No obstante, el Partido previamente debe condenar todo lo que condena la DC. La opinión del Partido Comunista con respecto a regímenes extranjeros debe ser sancionada por el Partido Demócrata Cristiano. Se advierte sí que esto no significa que los comunistas tengan derecho a insinuar, por ejemplo, si la DC apoyó o no el golpe de estado en Chile. Tanto más cuando la opinión de ellos sobre sí mismos es la de ser un ejemplo de democracia nacional e internacional; dudar de esto sería o ignorancia, mentira o mala fe y, para muestra de esto, he aquí un ejemplo: profundamente preocupados por la democracia en el planeta sospecharon, dudaron sobre la trasparencia, efectividad y la capacidad organizativa de los venezolanos y decidieron como demócratas, cristianos y chilenos velar por la democracia en Venezuela, enviando una delegación para controlar las pasadas elecciones, cuando los venezolanos pueden dar lecciones a Chile acerca de cómo se organiza un acto eleccionario modelo en un país ejemplar y democrático.

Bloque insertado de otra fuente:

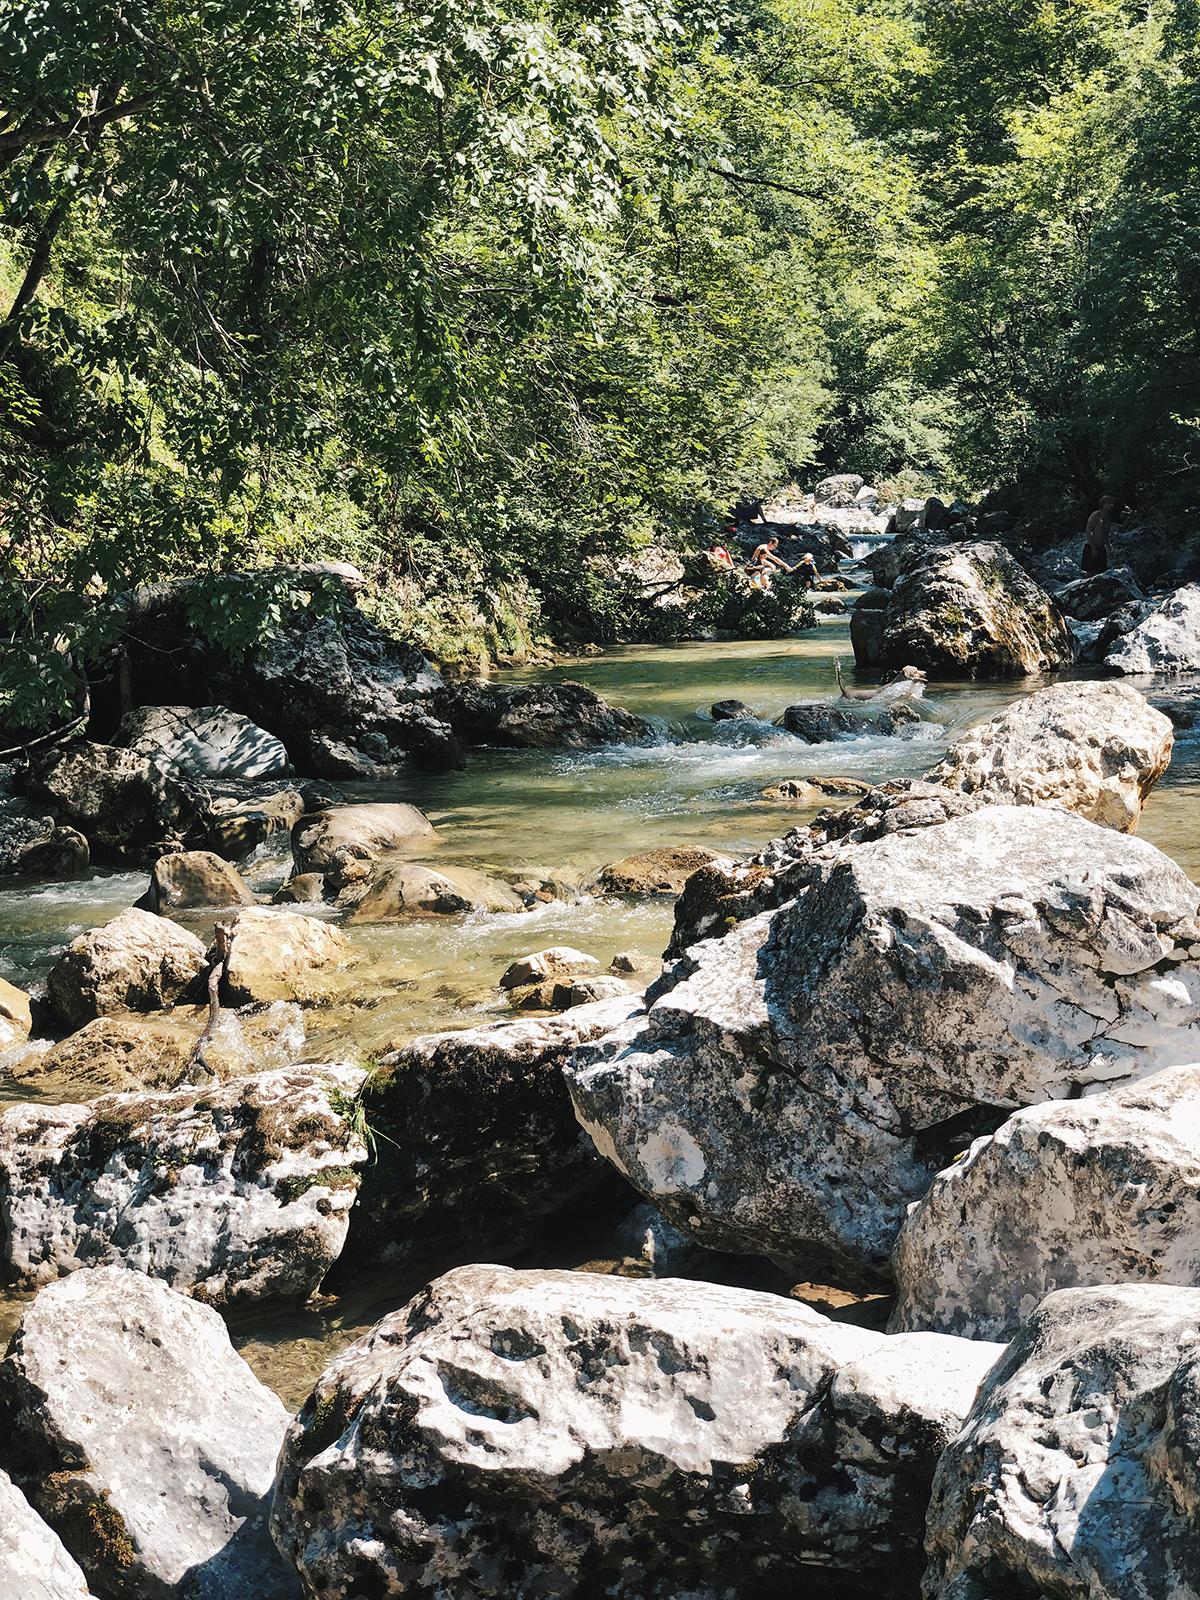 ohranimo-naravo-čisto-in-neokrnjeno-lili-in-roza-blog-skrb-za-okolje-reke-1.JPG

Conscientes de las pocas posibilidades de éxito en la carrera presidencial, Orrego, Rincón, los independientes Velasco, Jocelyn-Holt, el senador radical Gómez y hasta el mismo MEO, saben que tienen escasas opciones frente a los rivales de la derecha, de no contar con el apoyo del bloque concertacionista, tal como hasta hoy existe, pero las razones para dar las lucha existen y persiguen objetivos de diversa índole. De Parisi poco se sabe, tal vez un saludo a la bandera esperando comerciar un posible apoyo a cambio de algo, pues no están claras las razones y motivos de su participación. MEO y Velazco, con amnesia profunda, evitan cualquier mención que les recuerde un pasado comprometedor y en cambio, tratando de ganar adeptos, se presentan cual inocentes palomas indignadas de políticas erradas de una Concertación totalmente extraña y ajenas a ellos.
En cuanto al Partido Comunista, en diversas ocasiones ha expuesto claramente su posición. En primer lugar, cualquier acuerdo debe tener previamente y como base una plataforma programática, esta debe poner el acento, en primer lugar, en promover las medidas impostergables e imprescindibles que permitan trasformar nuestra actual sociedad en una más justa e igualitaria. Esto incluye terminar con el binominal, promulgar una nueva constitución y que en su redacción participe el pueblo en su totalidad, la recuperación de nuestras riquezas naturales, educación y salud como tareas de Estado, una mayor participación de este en la actividad económica y la protección de la clase trabajadora, la libertad de credo y respeto a las minorías sexuales. Finalmente, el Partido Comunista hace saber lo que considera hoy la tarea más importante: impedir un segundo período de la derecha, condición sine qua non para poder llevar a la realidad el programa mencionado.